But what makes the local church different from a R.S.L or a golf club where people meet together and enjoy each others company?
The local church is different because Biblical Unity is always based upon Truth. It's never mere emotionalism or desire or having a common goal.
Paul in Philippians 4 pleads with Euodia and Syntyche to agree with each other, to be likeminded. Yet the likemindedness spoken of here has to do with "in the Lord". There is never an injunction in the Scriptures to "Unity at all cost", Unity requires discrimination.
Indeed in Philippians, as the great preacher Martin Lloyd Jones pointed out,
they are exhorted "to stand fast in the Lord" Just like he'd exhorted the Corinthian Church "to stand firm in the faith" 1 Cor 16:13 Similarly, Phil 1:27 "Stand firm in the one spirit". All these suggest the same thing. To stand firm in the Faith"

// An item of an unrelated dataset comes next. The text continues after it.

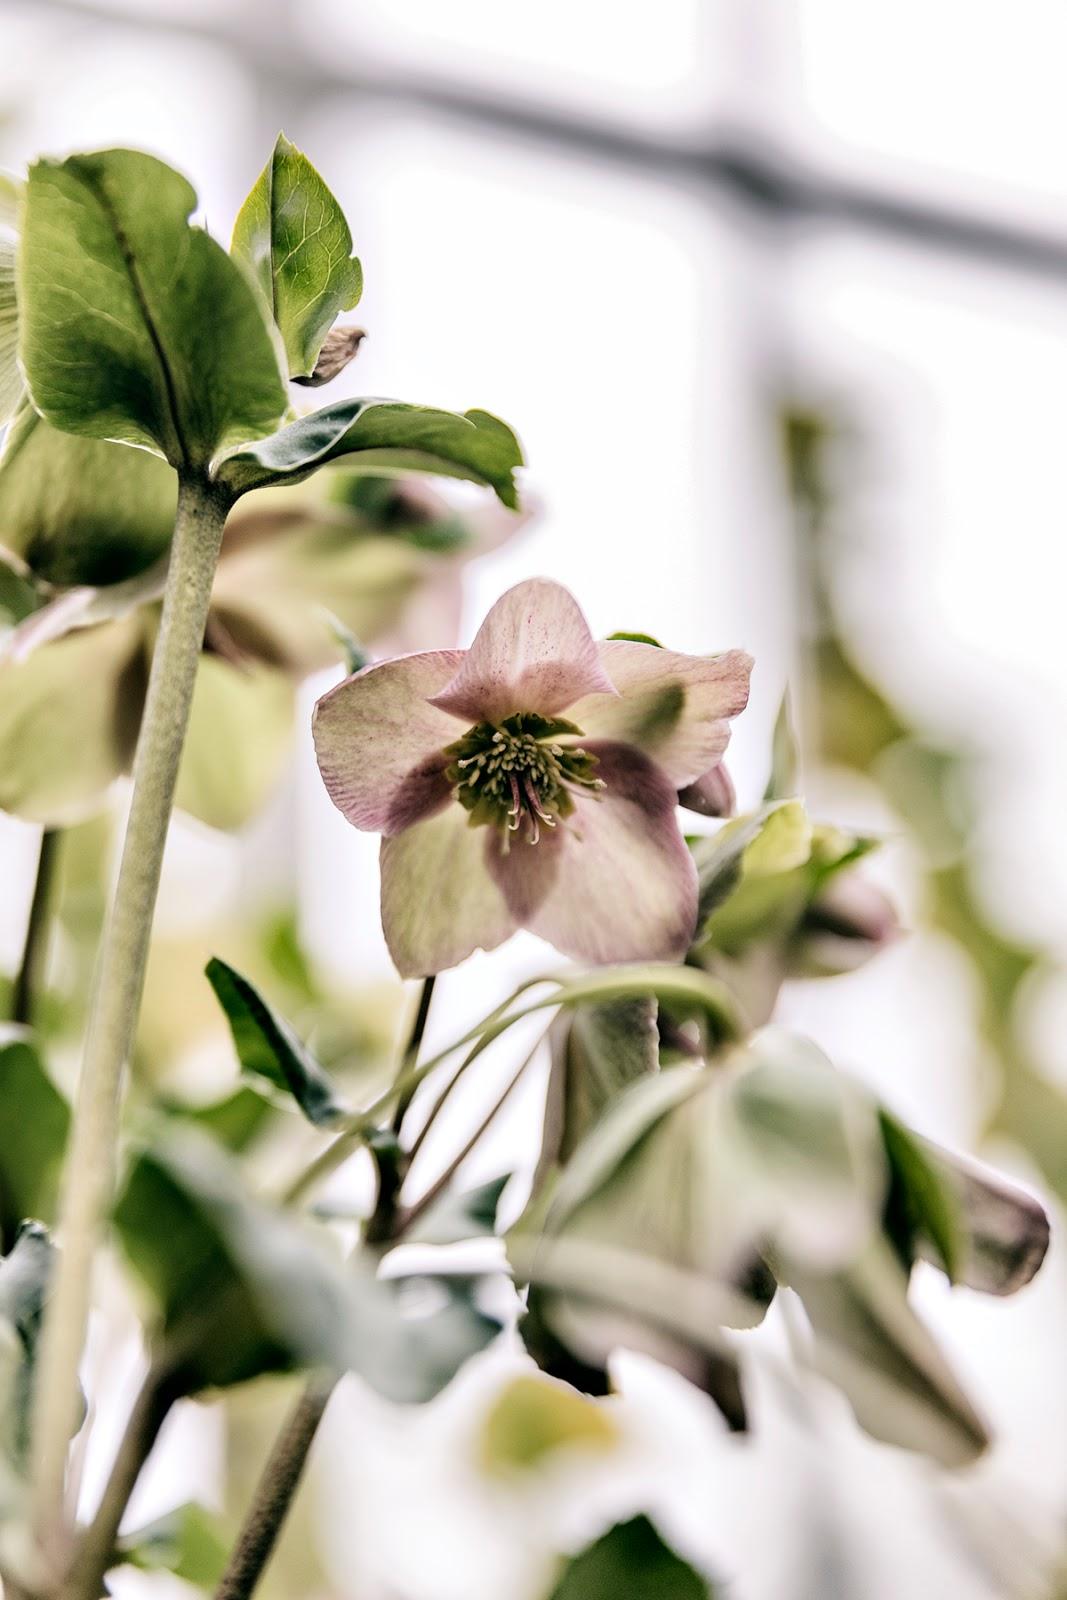 Talvipuutarha, Helsinki, myhelsinki, visithelsinki, garden, orangerie, puutarha, kasvit, kukat, viherkasvit, valokuvaaja, Frida Steiner, Visualaddict, visualaddictfrida, flower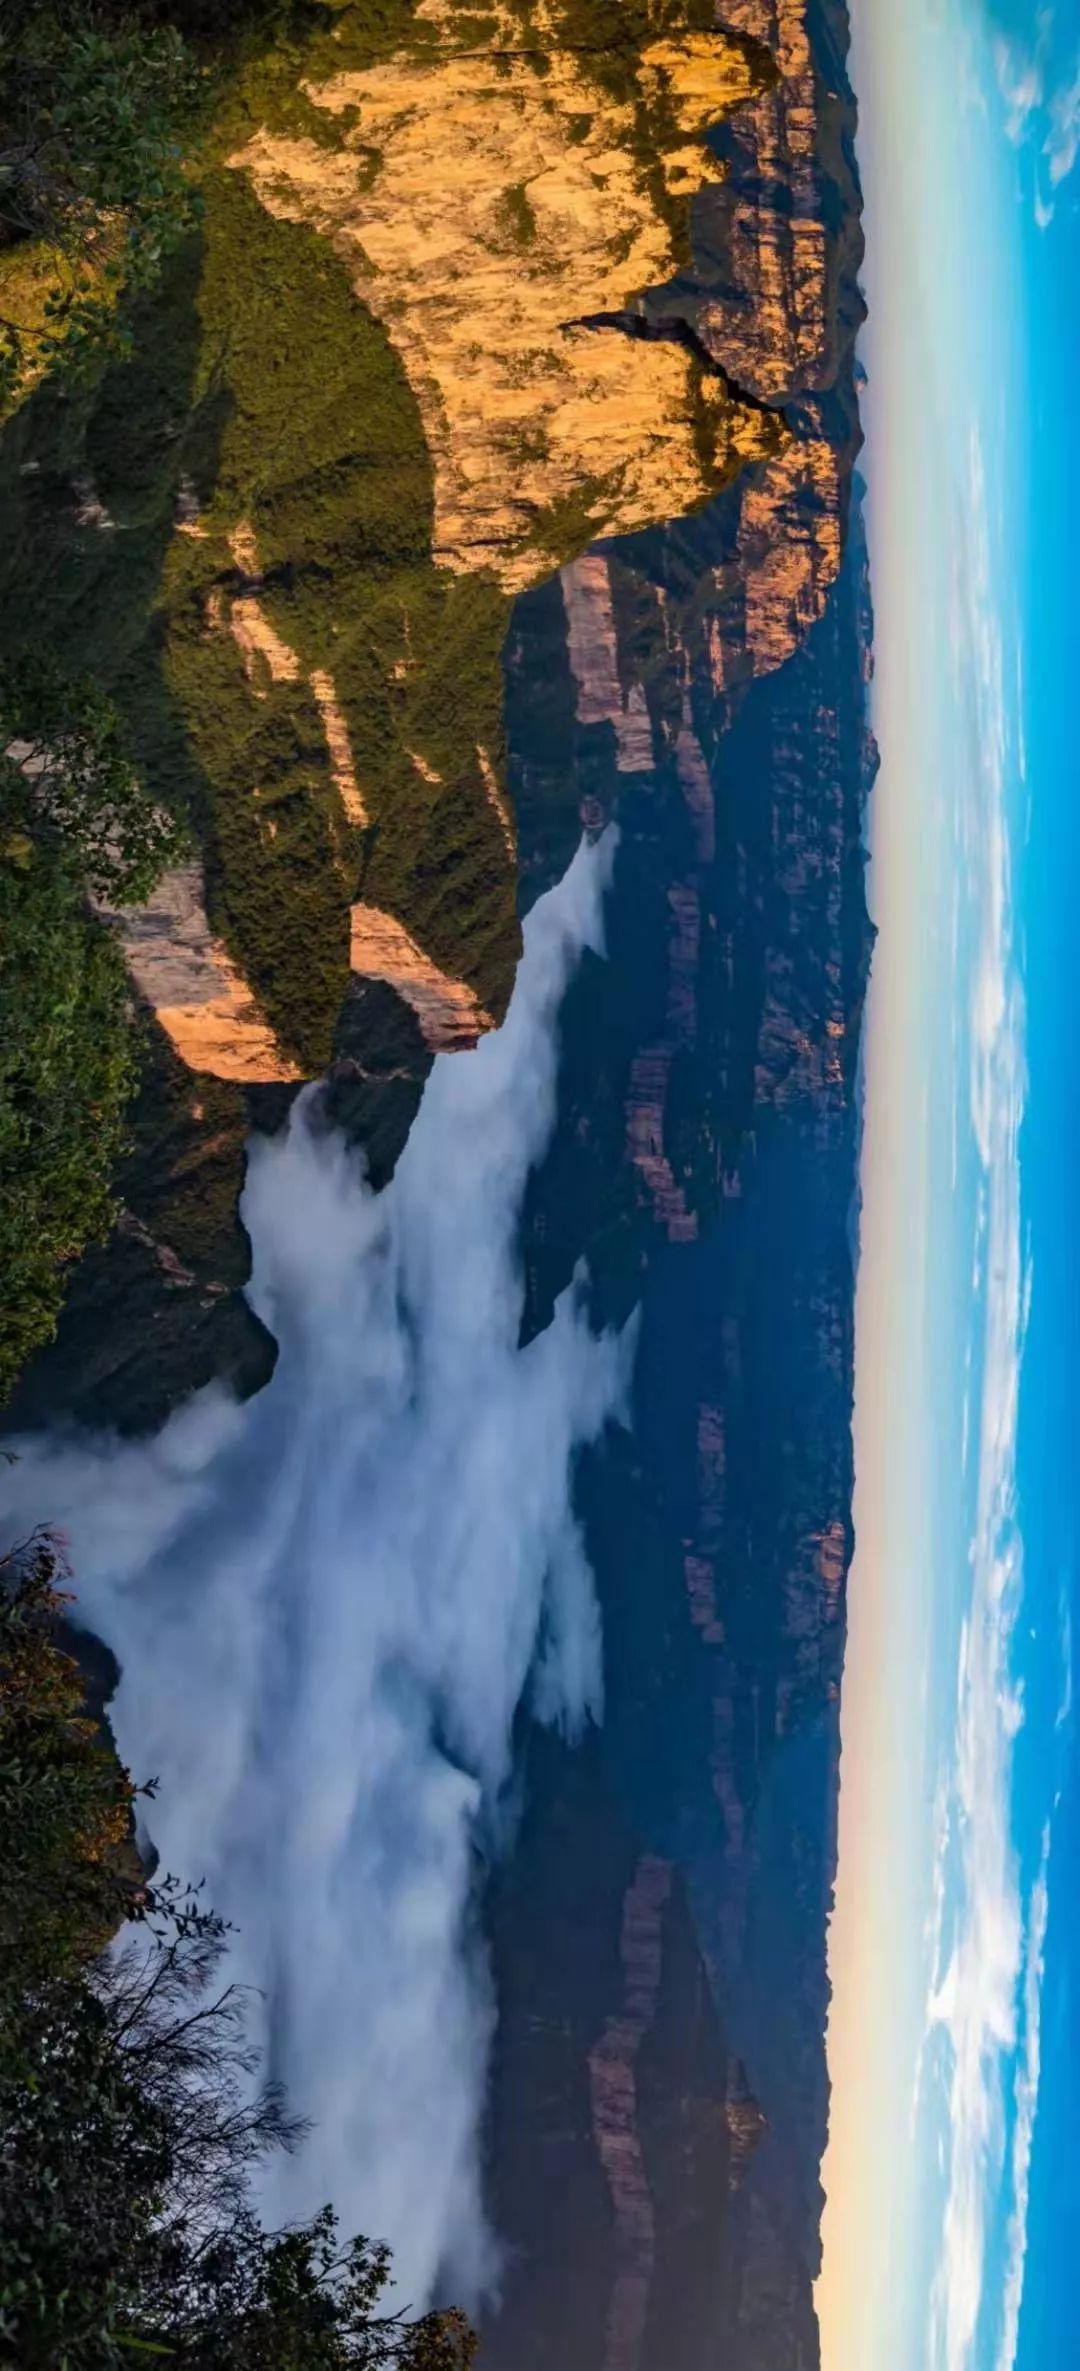 摄影师带你邂逅关山云海,每一张都美爆了!(建议横屏观看)

Here is not unity at the expense of Truth, here [ there ] is no unity with those who deny the deity of Jesus.
Martin Lloyd Jones speaks of the issue of unity in the context of the ecumenicalism of his day. One is to stand fast in the the Lord and that is to stand fast concerning the truth of the Lord.
We need to remember that when Paul speaks to Euodia and Syntyche that these are fellow Christians, those he speaks of in 4:3 whose "names are written in the book of life." They are the opposite of the dogs of Philippians 3:2 who all are to be on guard against. These two women are not false teachers riling against reach other but fellow saints whom he pleads with. As our passage tells us "they are in the Lord" yet their quarelling with each other is detrimental to fellowship and so Paul pleads with them to stop.
What we can say then from our passage is that these two were not arguing over some doctrine, some teaching of God's Word. If they had been we would have expected rightly for Paul to exhort the elders at Phillipi to correct their errors or where they lacked in teaching and urge them to be reconciled. Or if they had been two eagerly checking out what the other claimed Scripture said against Scripture, then I expect Paul would have applauded then as Acts 17 might suggest regarding the Bereans. Of course if that endeavour was being unkind and not seeking the others good then I believe he would have surely rebuked them about that, but I don't think that their problem was grounded in a dispute over Scriptures teaching, and that's why Paul pleads with them to stop and be likeminded.
What more can we learn from God's word to us about Unity here? Perhaps you might suggest something?